# ABOUT THIS EXERCISE
The result should be an exact copy of the data, free of pictures.

# SOURCE DATA

# # # # #

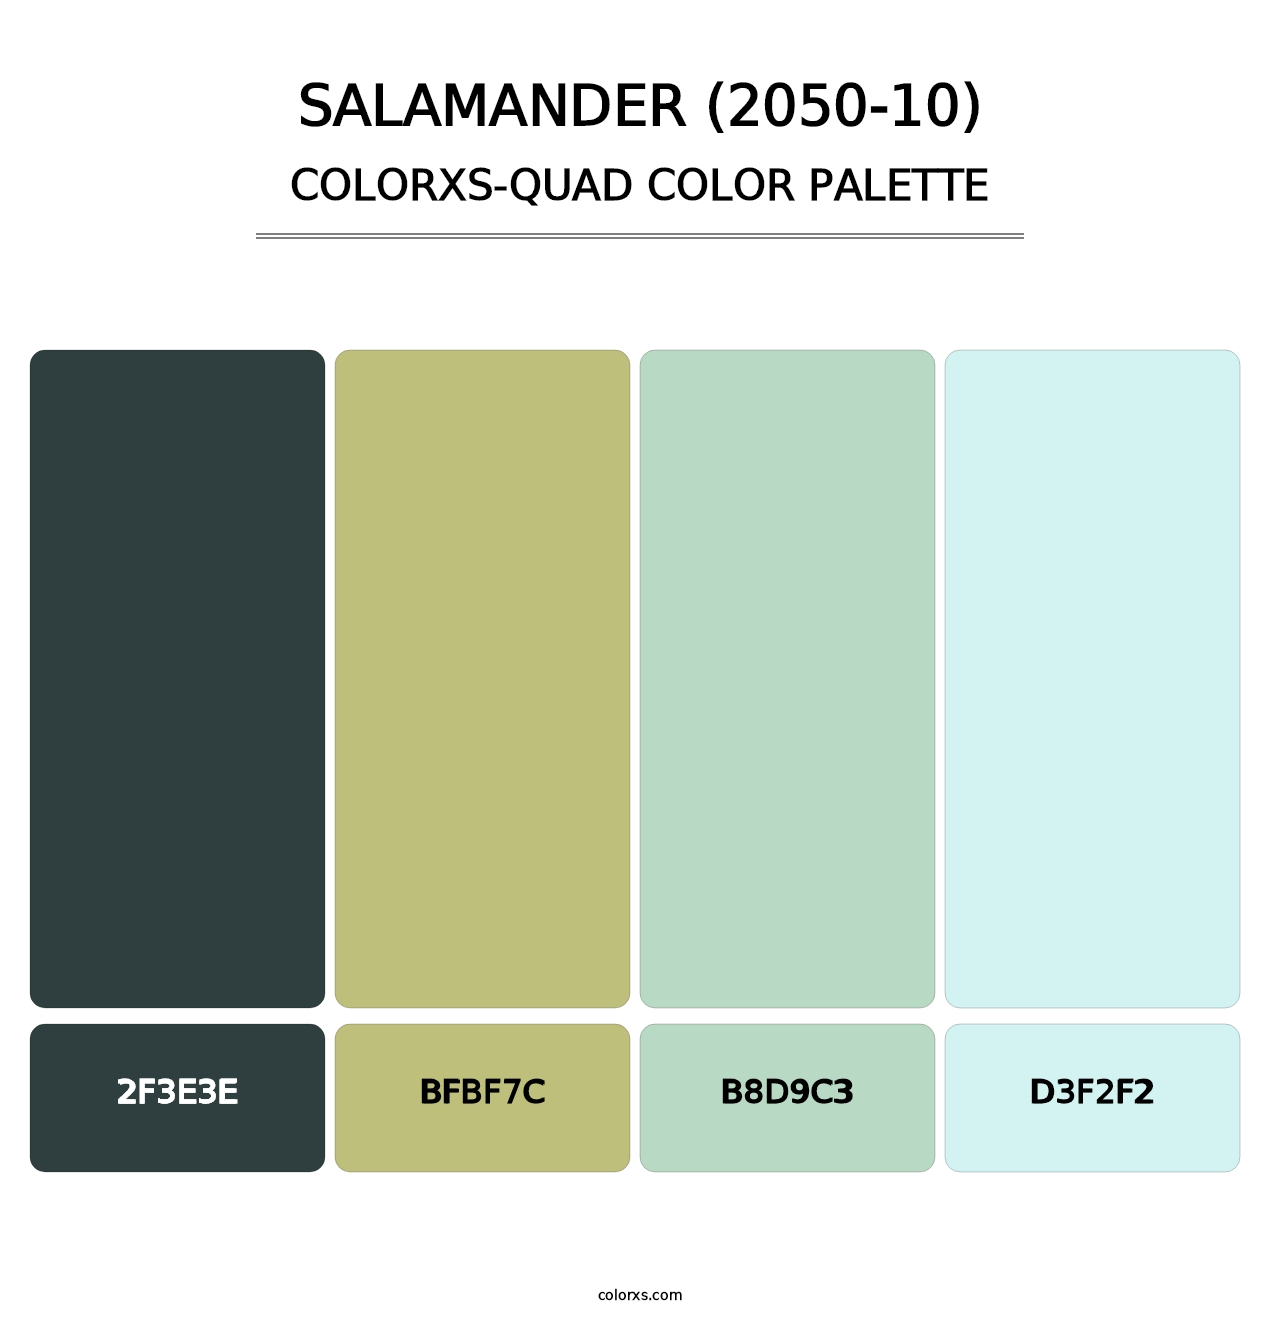 Salamander (2050-10) - Colorxs Quad Palette
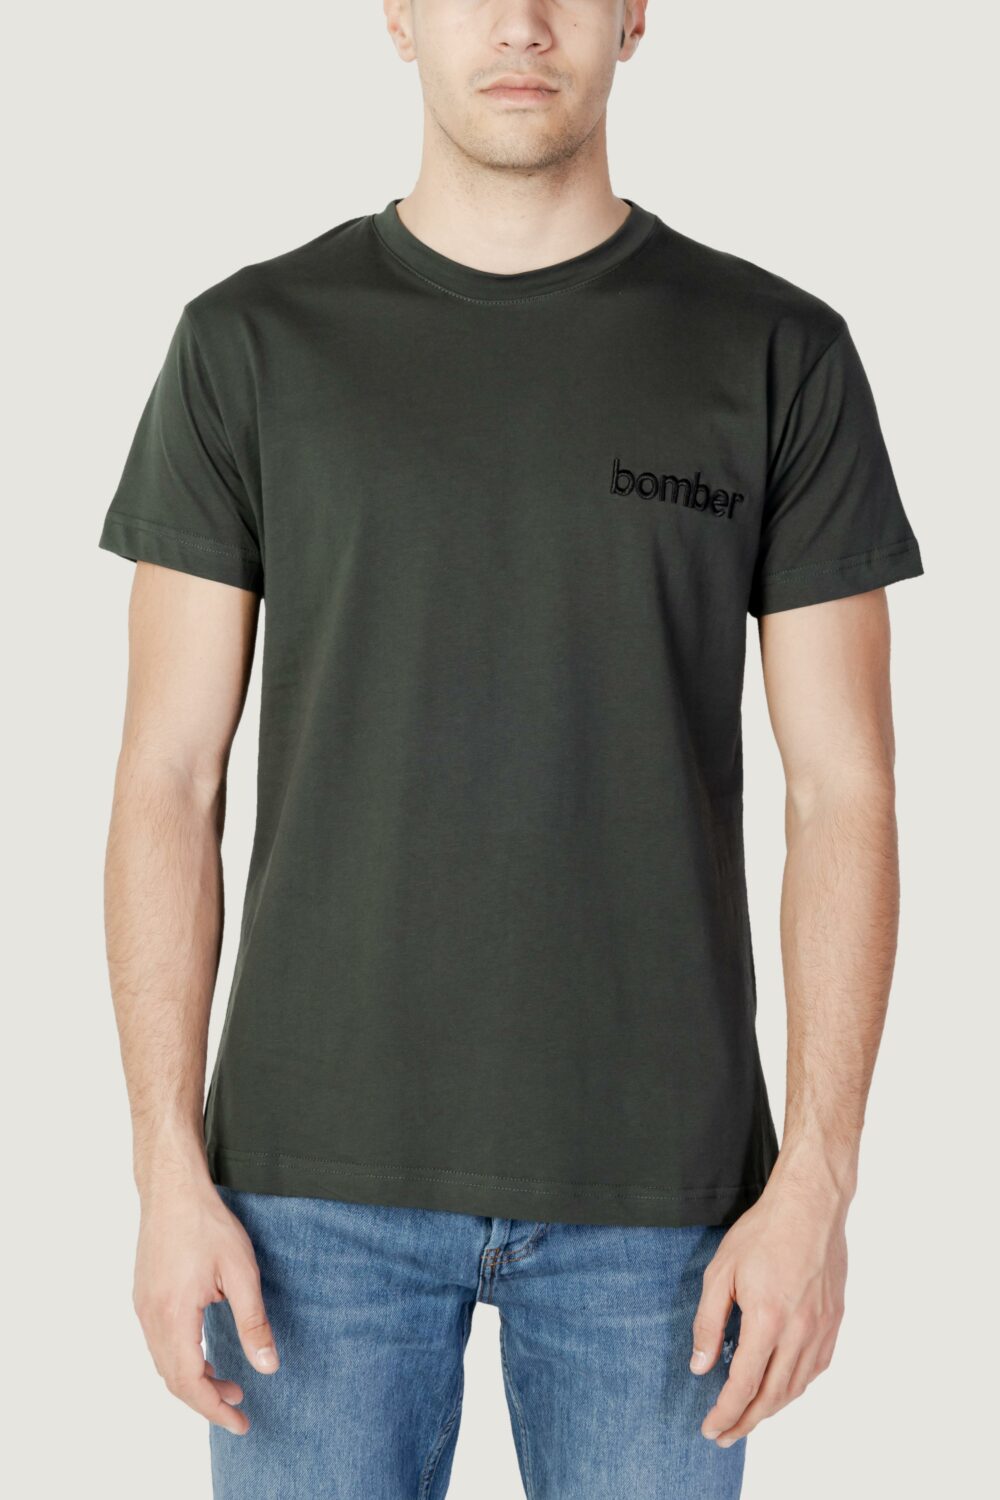 T-shirt The Bomber logo Verde Oliva - Foto 1
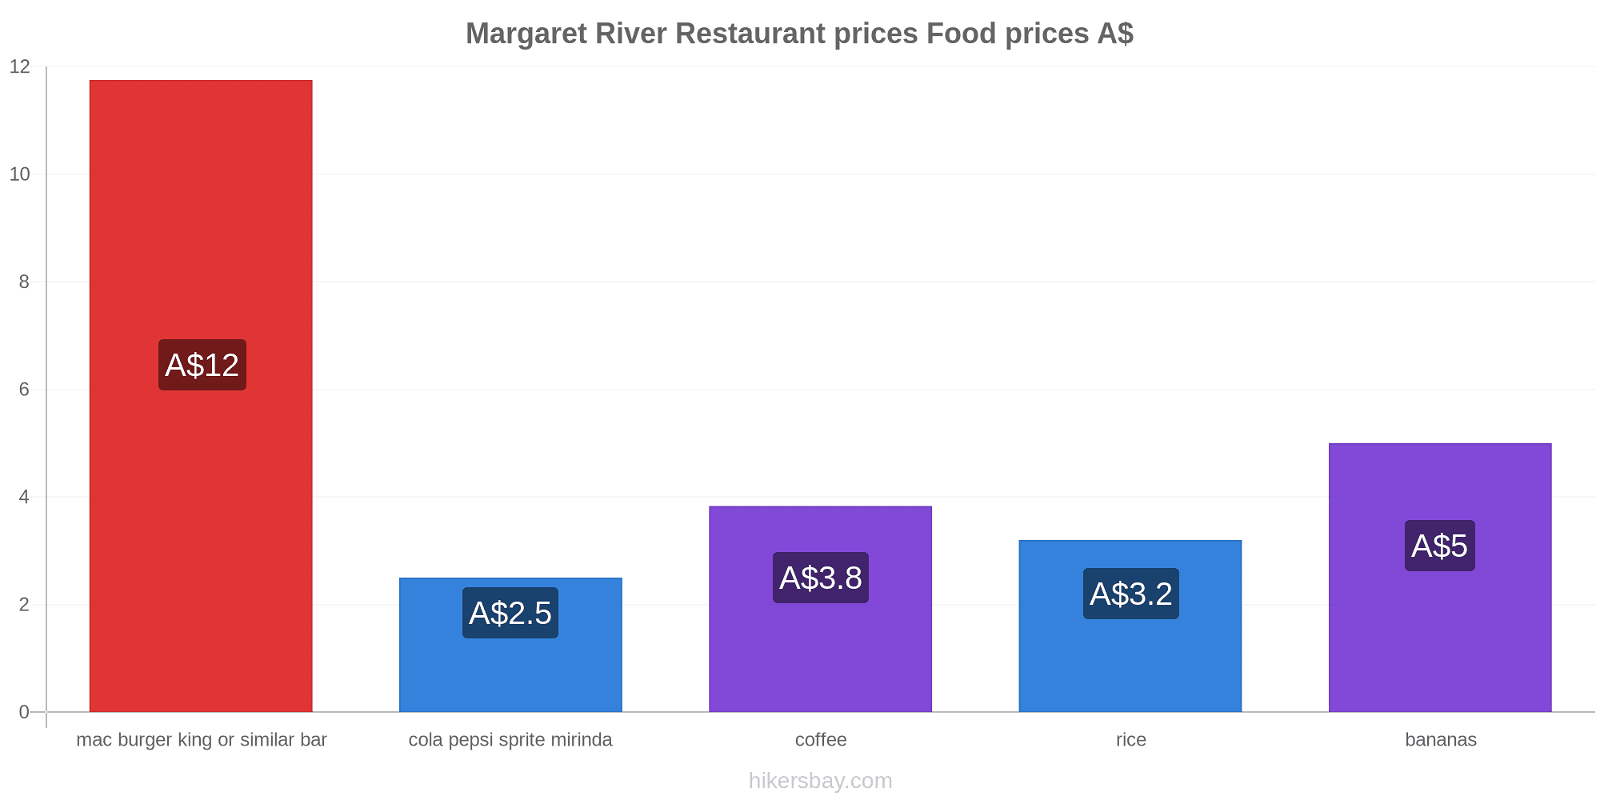 Margaret River price changes hikersbay.com
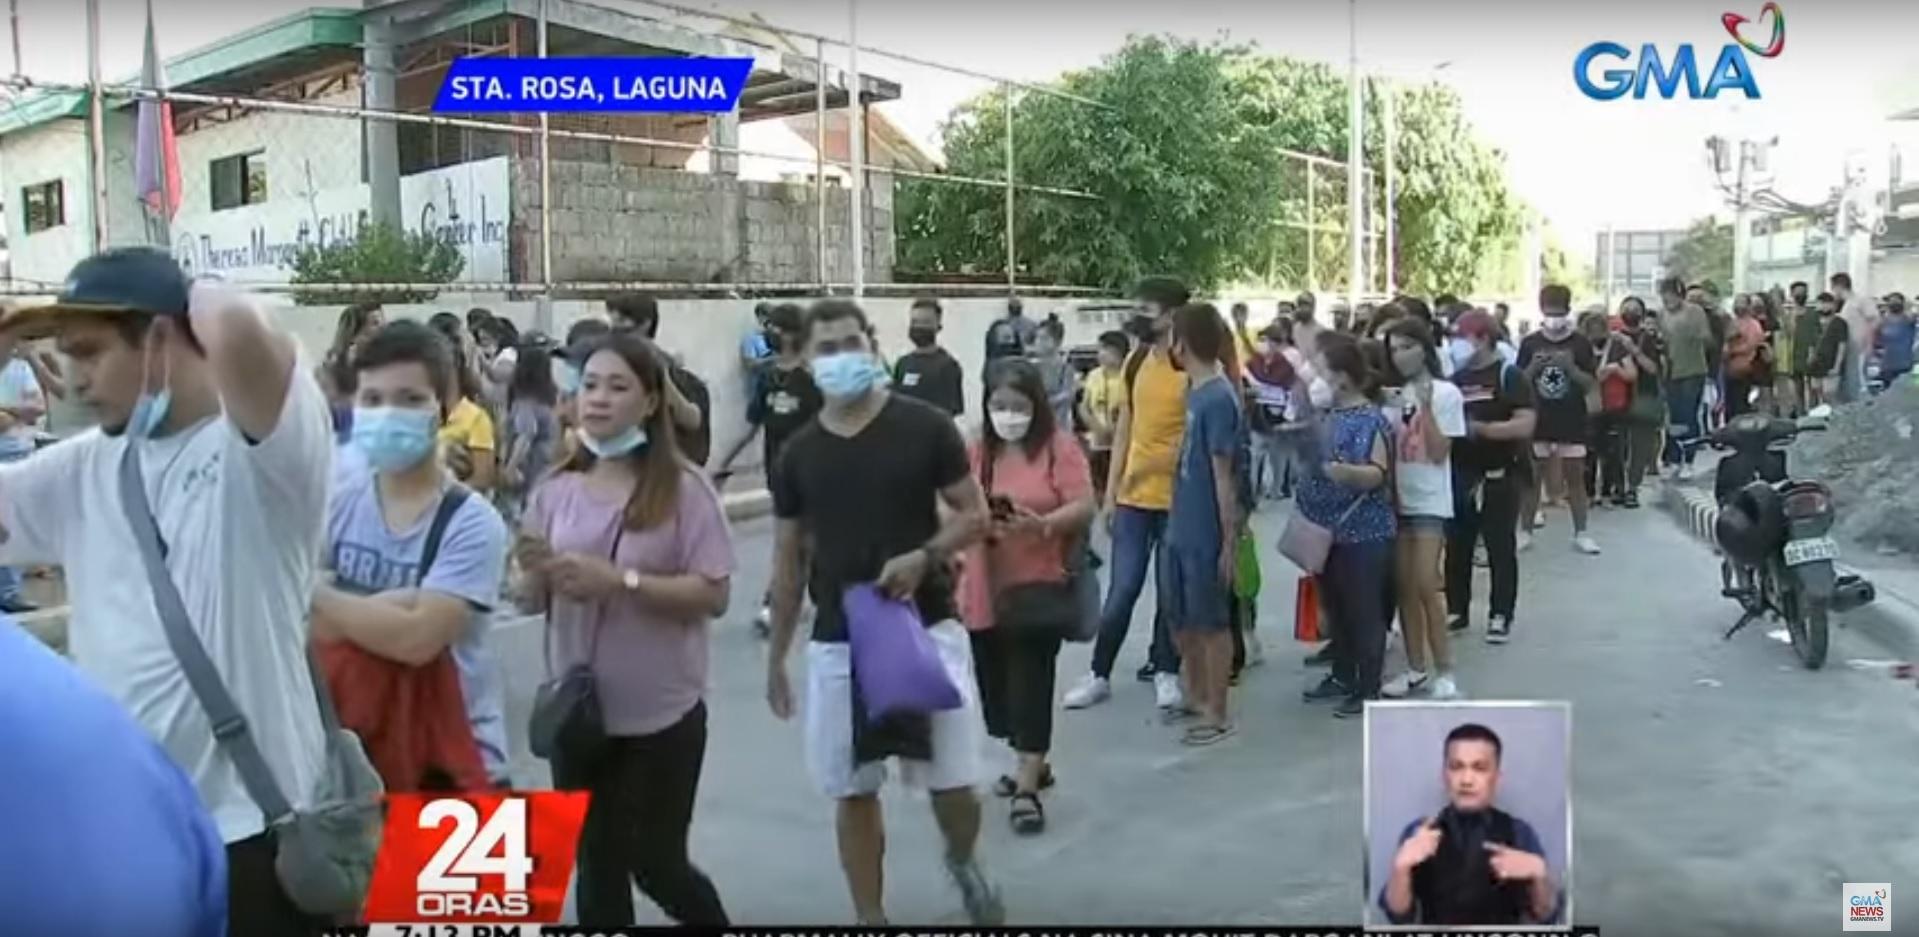 Pemerintah akan putuskan jab COVID-19 wajib setelah vaksinasi 3 hari GMA News Online

# # # # #

# EXERCISE OUTPUT
 Salamander (2050-10) - Colorxs Quad Palette
 T-shirt The Bomber logo Verde Oliva - Foto 1
 Margaret River price changes hikersbay.com
 Pemerintah akan putuskan jab COVID-19 wajib setelah vaksinasi 3 hari GMA News Online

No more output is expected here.